Drop every picture, then transcribe the remaining data exactly.

# Dataset content
* * * * * * *
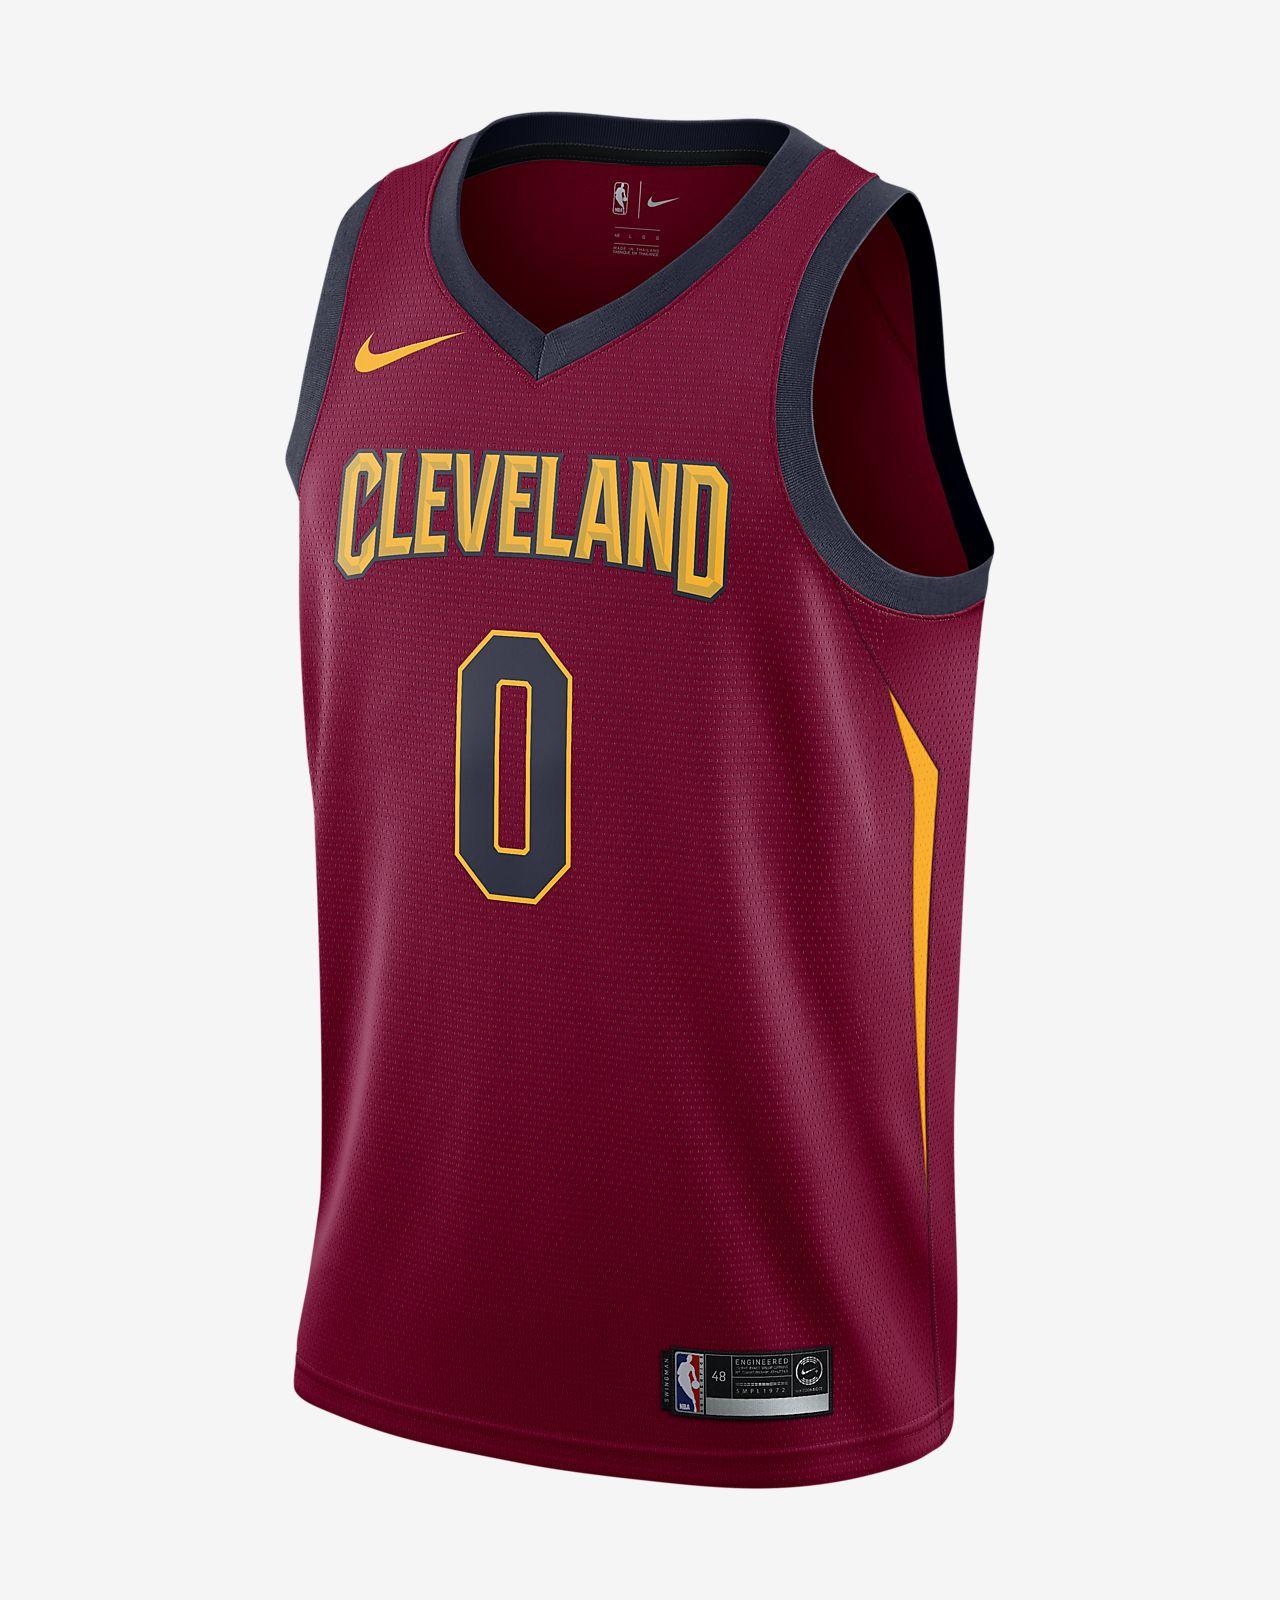 Męska koszulka Nike NBA Connected Jersey Kevin Love Icon Edition Swingman Jersey (Cleveland Cavaliers)
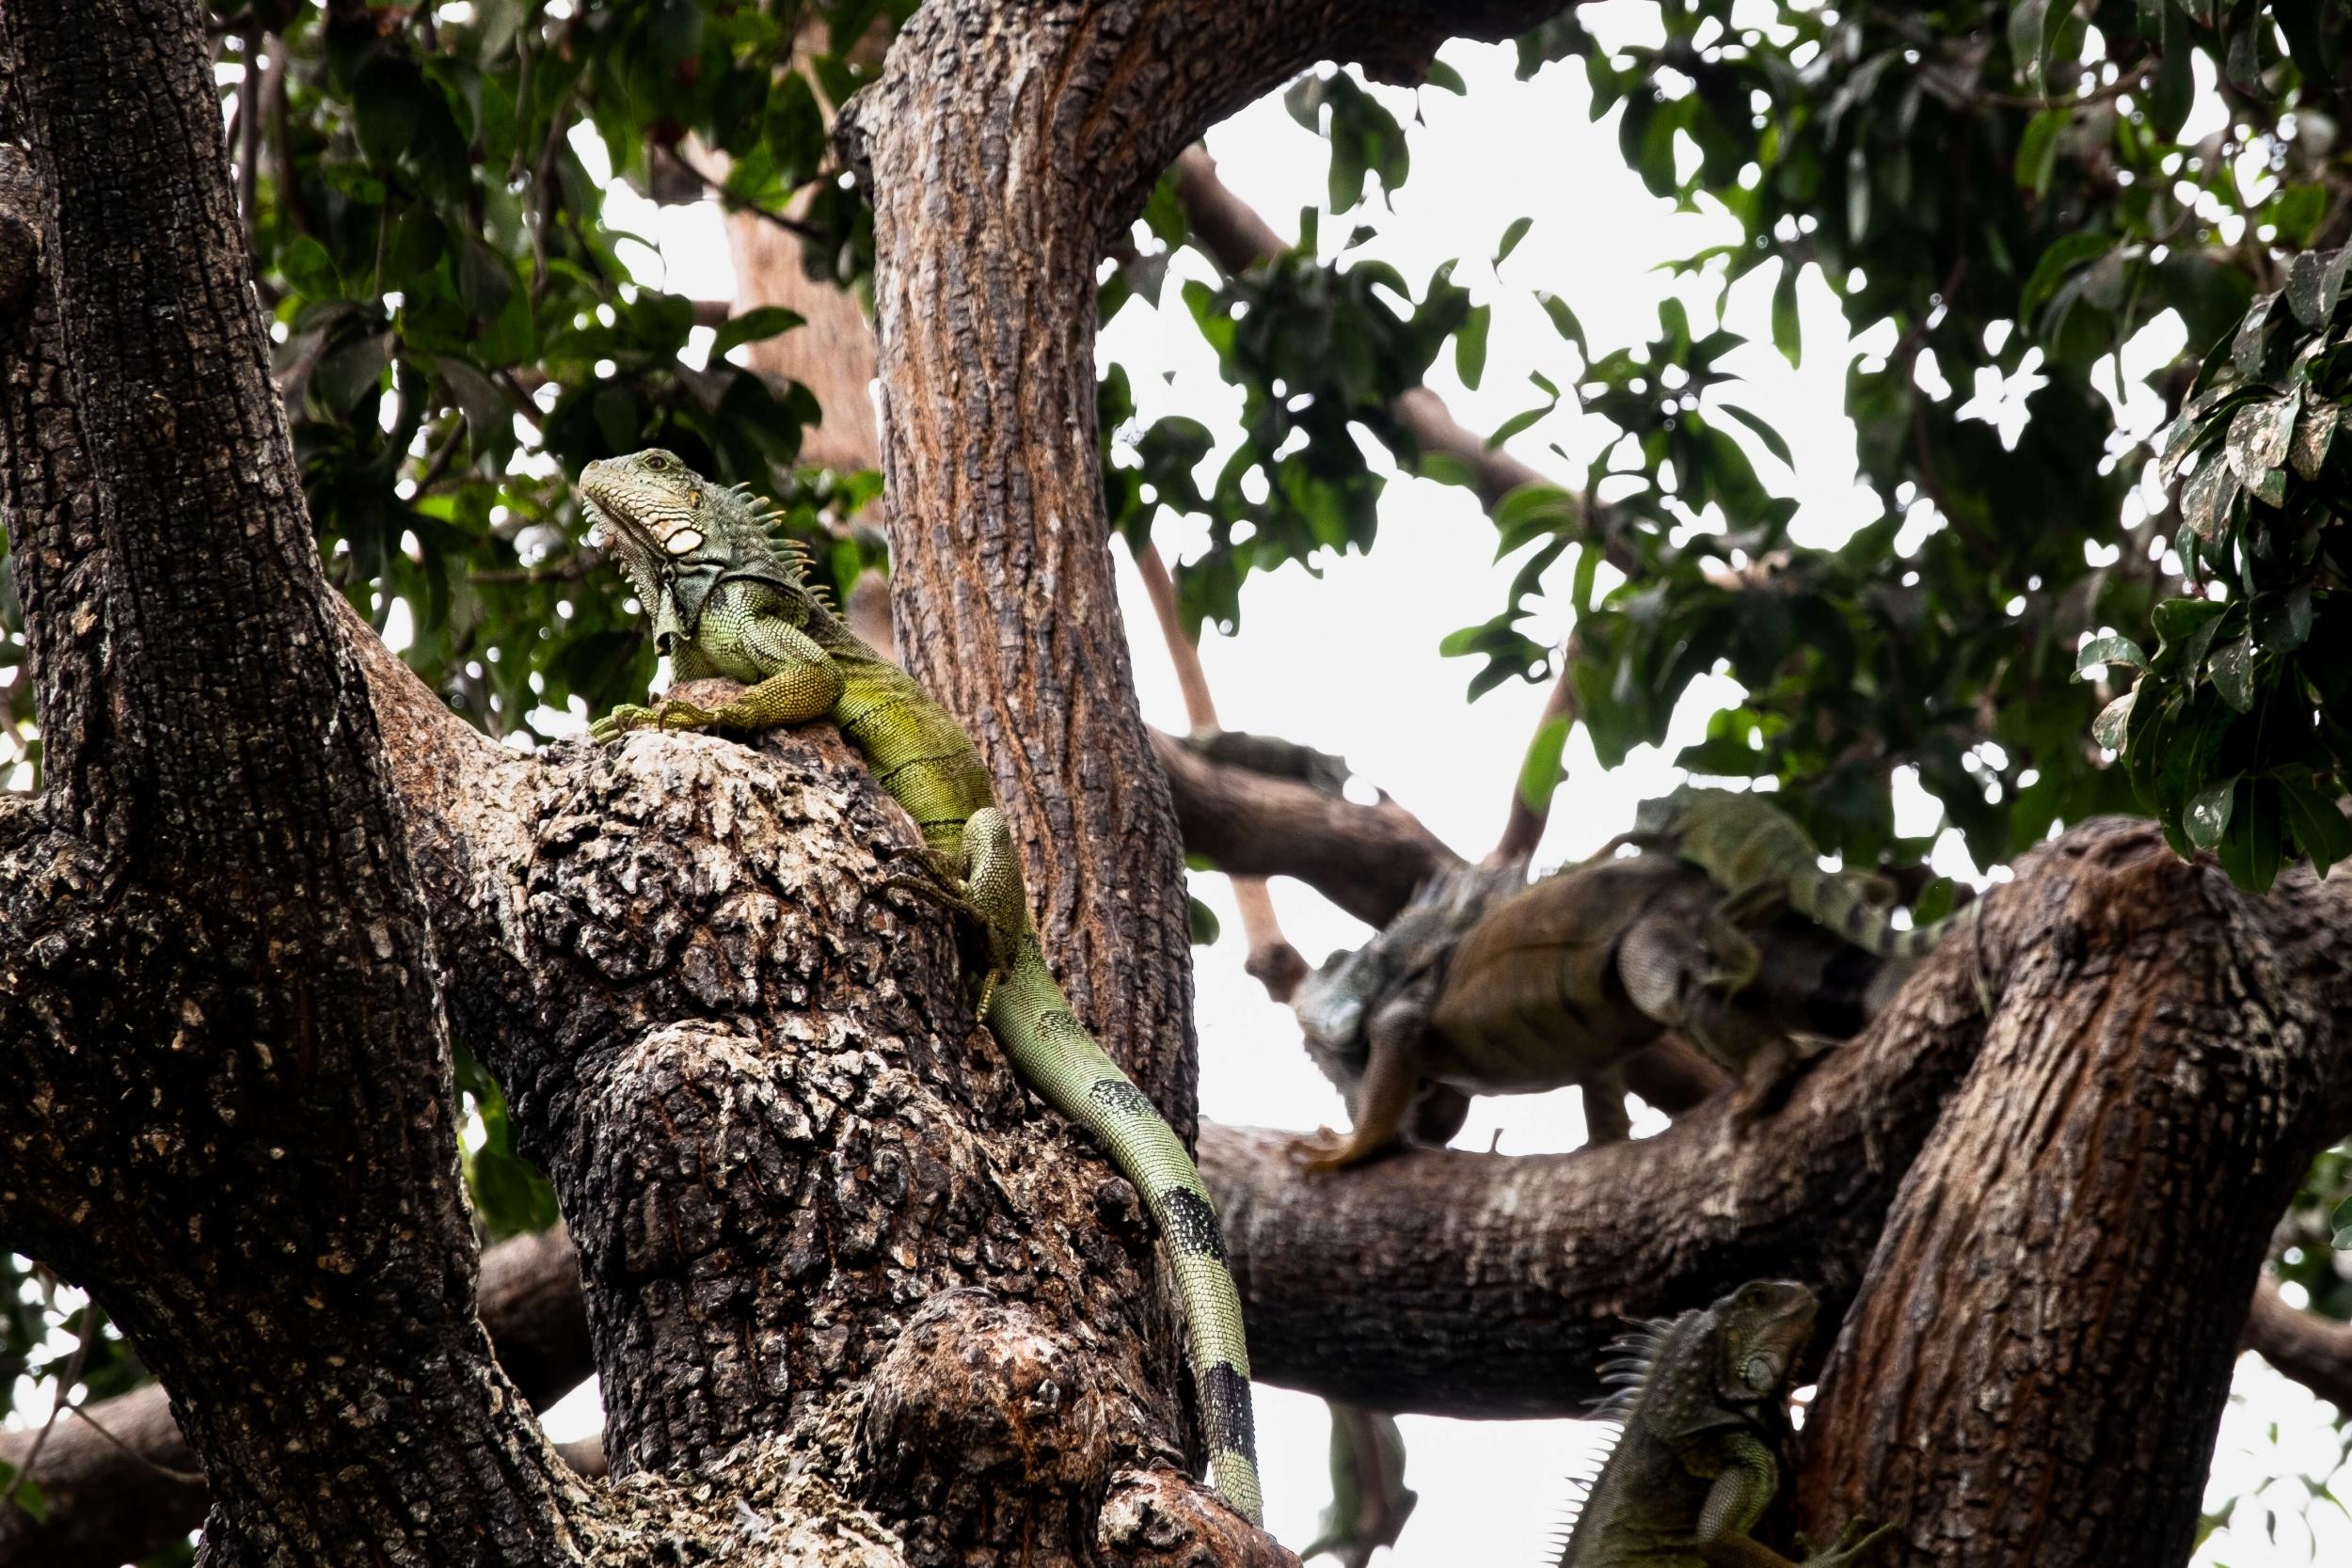 Iguanas, Parque de las iguanas, Guayaquil
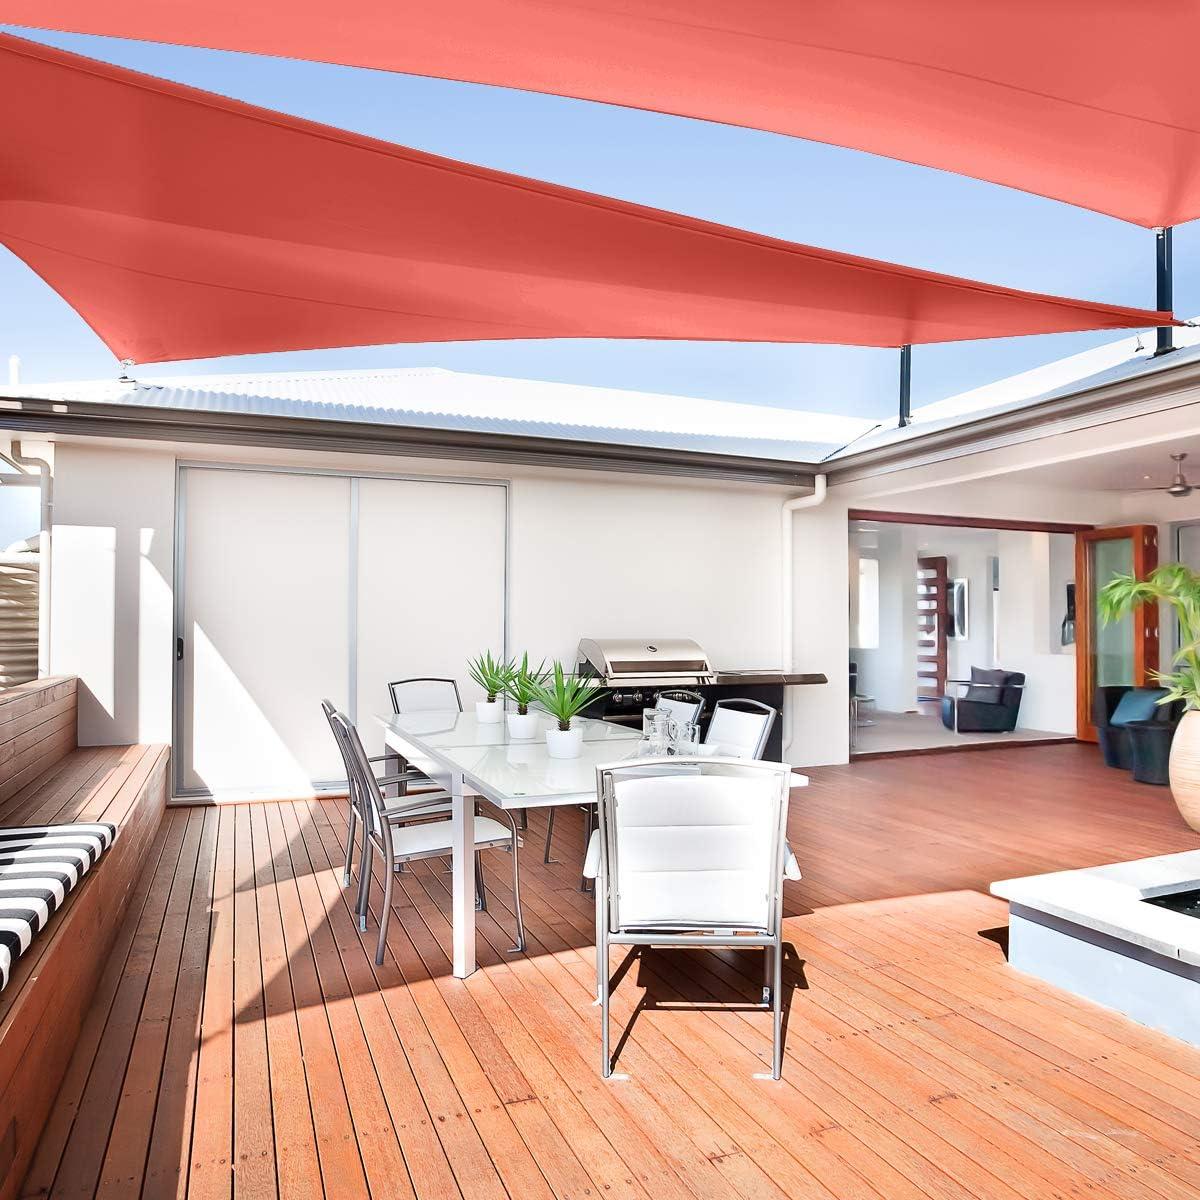 AsterOutdoor Triangle 10 x 10 x 10 Sun Shade Sail Canopy UV Block for Patio Yard Lawn Garden Outdoor Activities Cream
* * * * * * *
# Expected output
 Męska koszulka Nike NBA Connected Jersey Kevin Love Icon Edition Swingman Jersey (Cleveland Cavaliers)
 Iguanas, Parque de las iguanas, Guayaquil
 AsterOutdoor Triangle 10 x 10 x 10 Sun Shade Sail Canopy UV Block for Patio Yard Lawn Garden Outdoor Activities Cream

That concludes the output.